Da tempo apro gli occhi e mi ritrovo davanti ad una realtà che non vorrei riconoscere né vedere. Da un lato c’è un’insicurezza diffusa: lavoro instabile, inflazione che morde e un’impossibilità cronica di accedere a una casa o a un futuro minimamente pianificabile. Dall’altro, invece, una voglia (collettiva) viscerale di desiderare, possedere e sentirsi parte di qualcosa. Ed è in questo cortocircuito tra precarietà economica e consumo che si sta formando un nuovo “modo di spendere”, lontano da qualsiasi forma di razionalità. È questa la doppia realtà, a metà tra crisi e bisogno di significato, in cui si muove una generazione cresciuta sotto il peso di pandemia, recessione, emergenza climatica, affitti fuori misura e debiti.

In questo scenario, parlare di “risparmio per il futuro” suona più come un’illusione che un’opzione. Così, invece di inseguire obiettivi a lungo termine, si sceglie di vivere il presente, spesso spendendo anche quando non si potrebbe. Non per superficialità ma per difesa, perché il denaro non è più uno strumento per costruire ricchezza ma un modo per ritrovare un minimo di stabilità emotiva. Le microspese diventano strumenti per stare meglio: ​​il pupazzo peluche Labubu attaccato alla borsa, il portachiavi Prada da 300€ appeso su un capo Uniqlo da cinquanta, la minigonna Miu Miu “presa in affitto” per un weekend o la borsa Louis Vuitton x Murakami comprata su Vinted a rate.

Ogni oggetto ha una funzione regolatrice: non risolve, ma riequilibra. Ogni acquisto serve a riequilibrare l’umore, lo shopping è diventato una forma di autoregolazione emotiva.

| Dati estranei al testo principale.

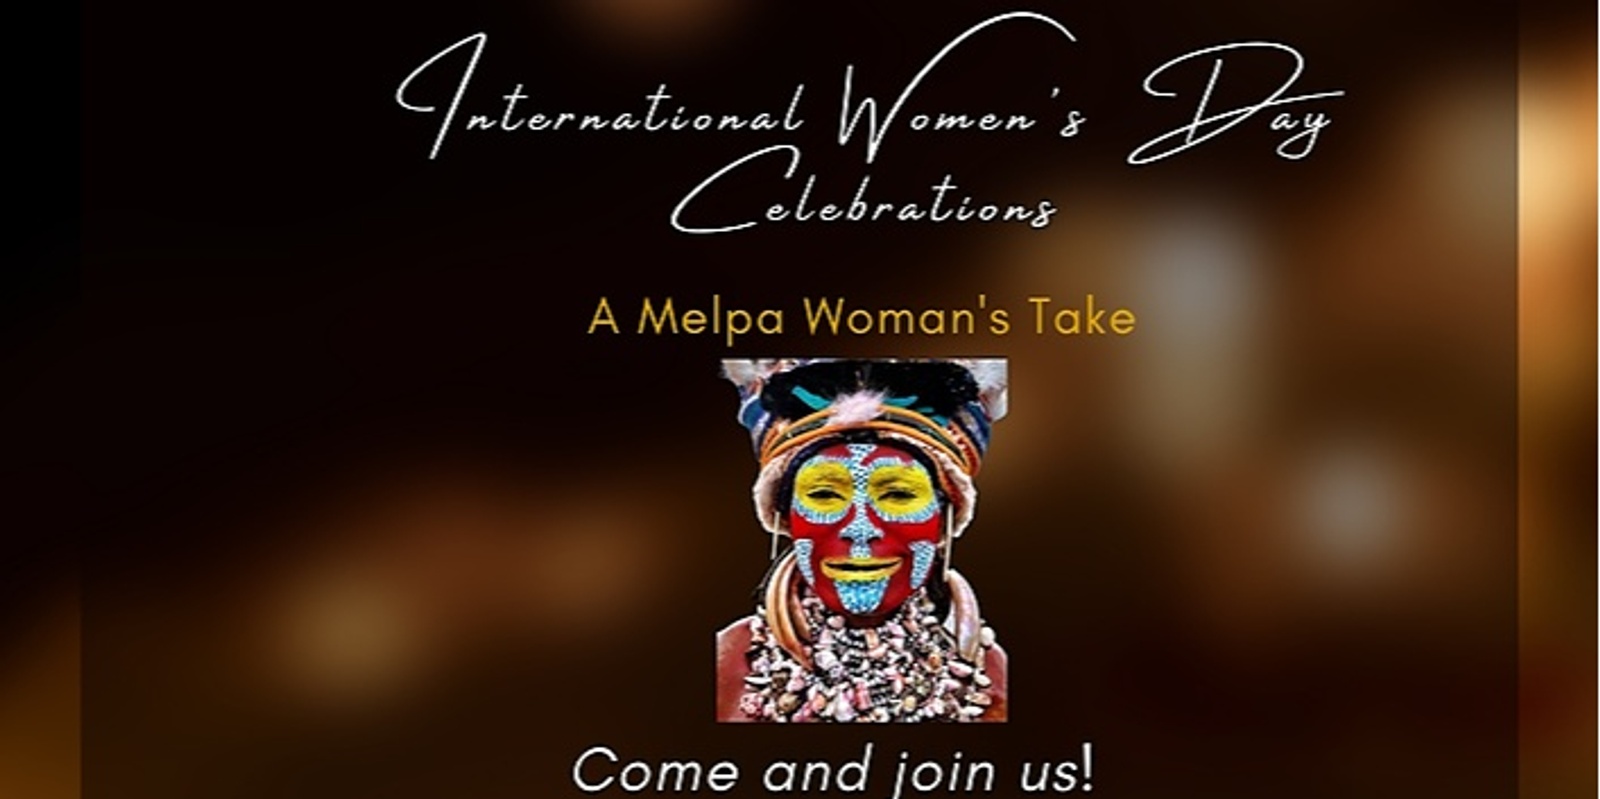 International Women's Day Celebrations - A Melpa Woman's Take

La logica del denaro - risparmiare, investire, rinunciare - è stata archiviata. Non è incoscienza ma un bisogno di protezione, in un contesto in cui l’incertezza è diventata la norma, la ricerca di bellezza e gratificazione immediata, diventa l’unico modo per riappropriarsi di qualcosa che sembri autentico. Quando tutto il resto è incerto, avere il controllo su una minuscola parte della propria immagine, anche solo attraverso un oggetto, diventa fondamentale.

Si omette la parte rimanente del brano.